Dimanche, 19.01, Narvik – Bodø
Le seul point au programme du jour suivant avant de continuer en bus vers Bodø l'après-midi était la montée en téléphérique au Narvikfjellet, la montagne de la ville. Cela...


Publié: 25.01.2020
Cette journée n'a pas été très marquante. Je suis parti en train à midi, j'ai pu admirer quelques belles vues en plein jour et j'ai changé de train à Trondheim pour Oslo presque dix heures plus tard. J'ai profité de cette heure pour faire une petite excursion sous une pluie battante sur le pont sur le Nidelva, d'où l'on a la célèbre vue sur la rangée de maisons colorées au bord de l'eau. Peut-être que je suis un benêt, mais je pense que c'est le plus important de la ville que j'ai vu. Si vous recherchez Trondheim sur Google, on pourrait vraiment avoir l'impression que la ville ne se compose que de ces quelques maisons. Aucune autre image n'est affichée. Incroyable.
Le train pour Oslo, que j'ai un peu aménagé pour dormir, n'est arrivé que le lendemain matin. Ainsi, c'était en quelque sorte tout pour ce jour-là. Comme cela est un peu court, voici maintenant quelques réflexions philosophiques :
Aussi volontiers que je les apprécie, je dois reconnaître que Felicitas est plutôt une mauvaise interlocutrice. Conséquence : à part Copenhague et quelques intermèdes avec des gens sympathiques que j'ai croisés, j'ai très, très peu parlé.
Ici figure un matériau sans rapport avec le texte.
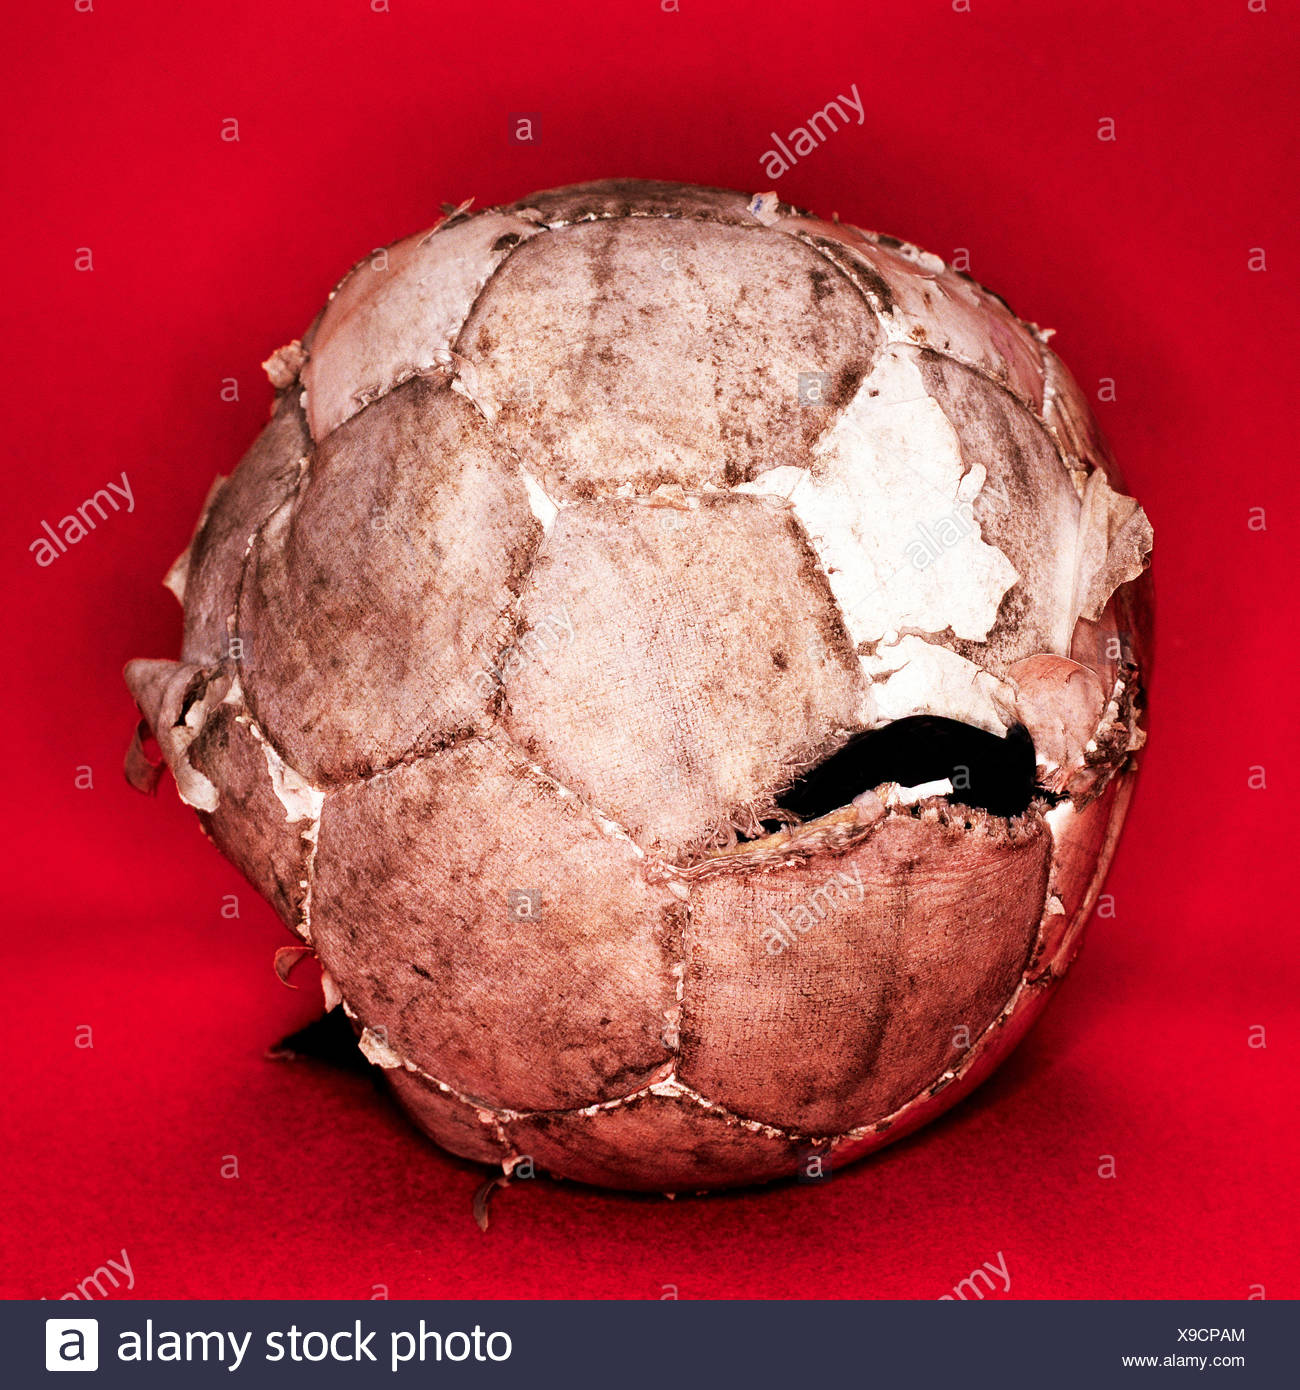 Football usés Photo Stock
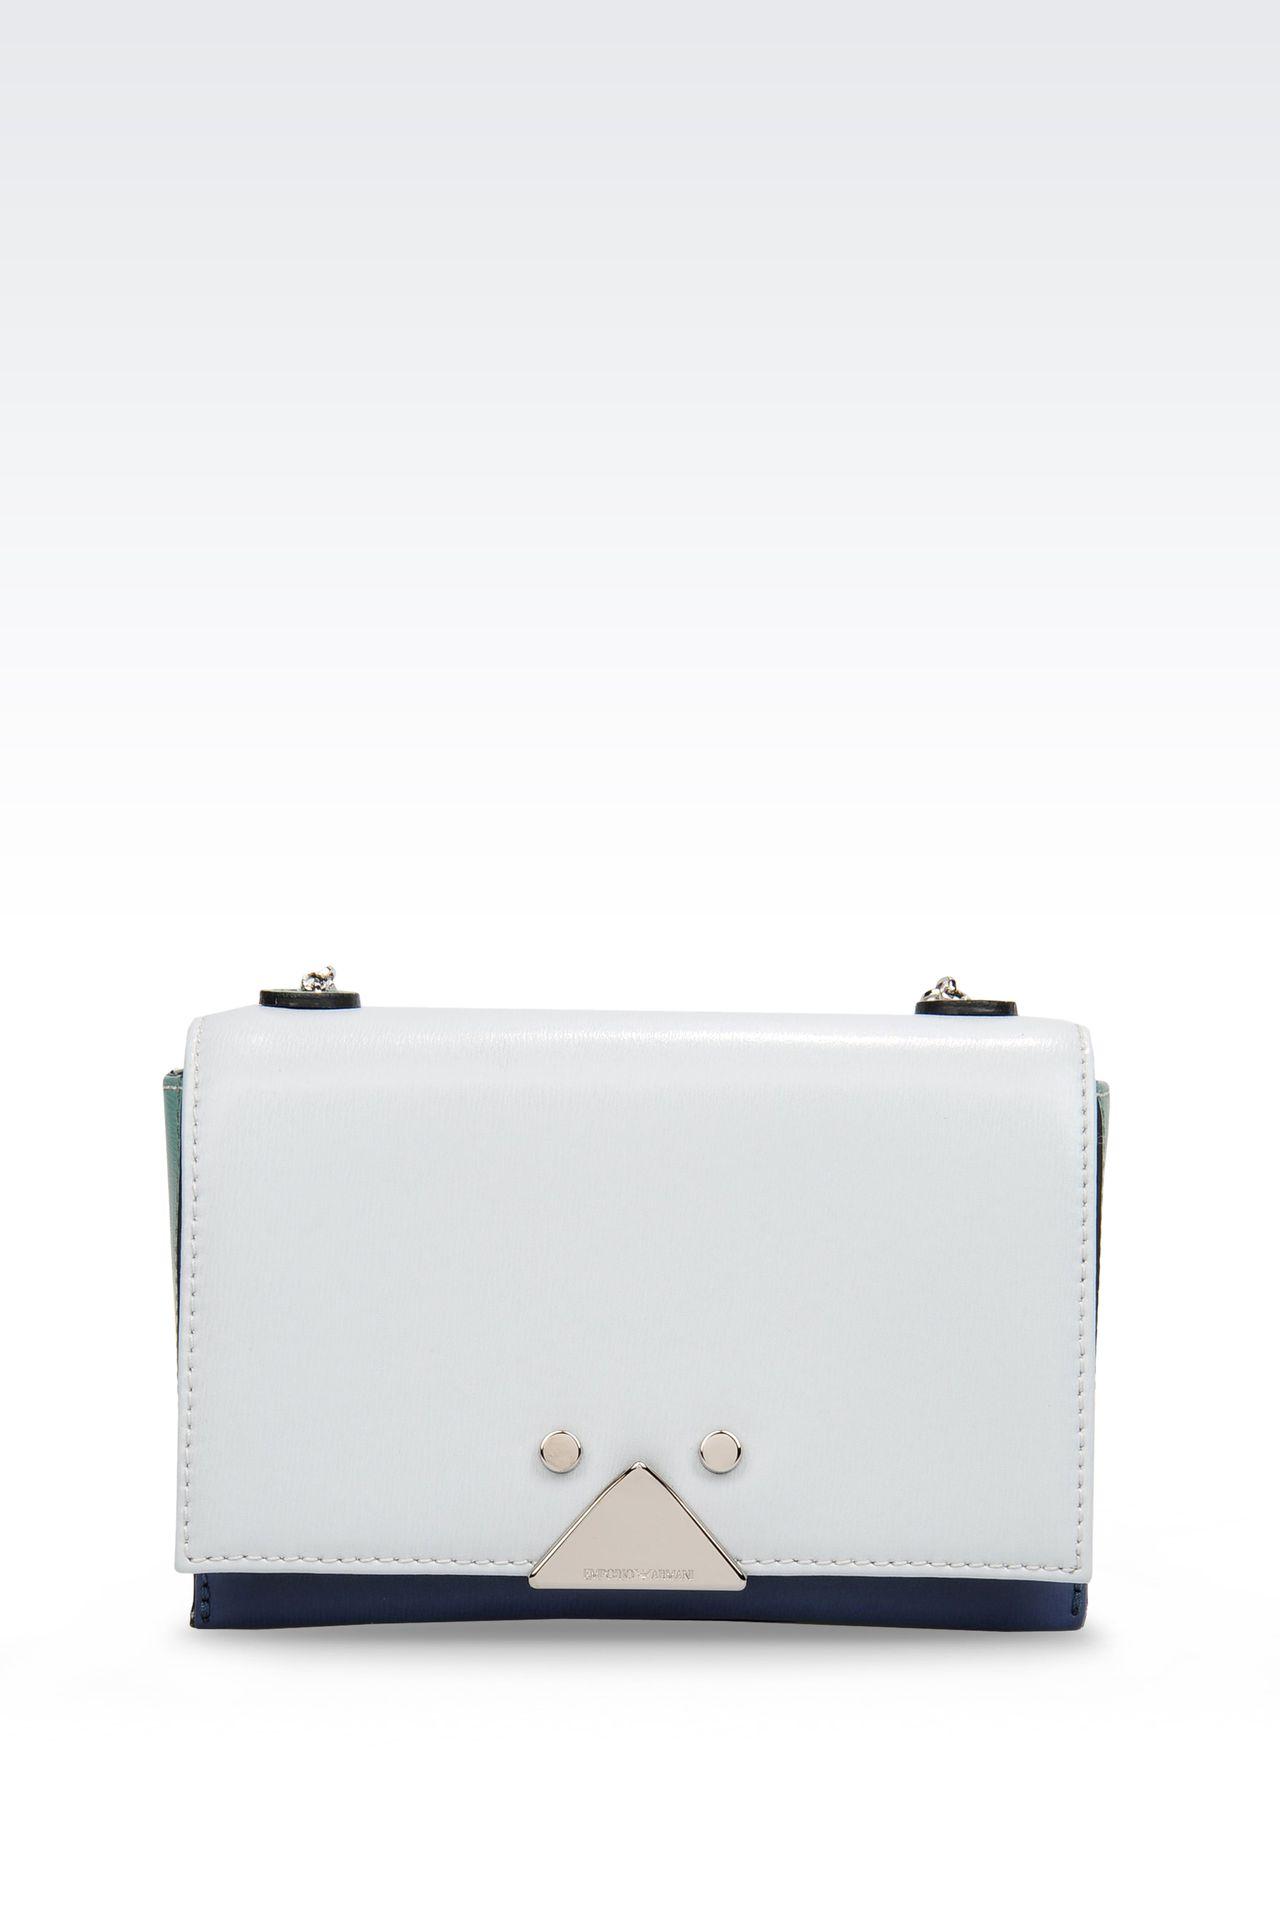 Emporio Armani Women Messenger Bag - SMALL BOARDED CALFSKIN BAG WITH CHAIN SHOULDER STRAP Emporio Armani Official Online Store

Ou pour le dire positivement : j'ai beaucoup gardé le silence. Et ça fonctionne. Sans problème, sans que cela ne me soit remarqué jusqu'à récemment. Oui, c'est une tautologie, mais je trouve cela intéressant : Quand un être humain n'a personne avec qui parler, il ne parle tout simplement pas. Et pourtant, il pense, il ressent, il existe pour lui-même comme d'habitude. Ce n'est pas pour rien que l'on dit "Parler est d'argent, se taire est d'or." Si vous êtes en train de chercher désespérément la morale de l'histoire, arrêtez-vous. Je ne l'ai pas encore trouvée.
Maintenant, j'aimerais m'interroger sur pourquoi quelqu'un achèterait jamais un carlin (comme exemple d'espèces animales surélevées). Il souffre à chaque respiration, et cela se voit. Cela va même jusqu'à ce que le carlin souffre de graves problèmes de santé. Est-ce de l'ignorance ? De l'indifférence ? Qu'est-ce qui plaide en faveur de cela ? Qu'il est mignon ? Si le propriétaire aime son chien, on pourrait penser qu'il veut lui épargner de la souffrance. En achetant un carlin, on ne fait que soutenir son élevage, pour lequel le terme "élevage de souffrance" pourrait même être approprié. Vous n'êtes sûrement pas le public cible de cet appel, mais vous pouvez bien poursuivre la réflexion dans les commentaires. Interaction avec les lecteurs et tout ça.